Your instructions
Would you please transcribe, exactly as written, the lines of the entries below starting at the one that holds "Le Sami Khedira" and ending at the one that holds "Sansui P-2000 Service Manual", both included?

Material for this exercise
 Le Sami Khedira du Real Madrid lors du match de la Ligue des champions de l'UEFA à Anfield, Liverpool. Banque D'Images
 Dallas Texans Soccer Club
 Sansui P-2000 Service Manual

---

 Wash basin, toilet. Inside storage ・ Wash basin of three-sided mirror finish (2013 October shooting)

--

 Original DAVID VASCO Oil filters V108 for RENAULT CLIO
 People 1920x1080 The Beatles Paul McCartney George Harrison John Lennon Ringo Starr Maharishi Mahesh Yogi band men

Response area
 Le Sami Khedira du Real Madrid lors du match de la Ligue des champions de l'UEFA à Anfield, Liverpool. Banque D'Images
 Dallas Texans Soccer Club
 Sansui P-2000 Service Manual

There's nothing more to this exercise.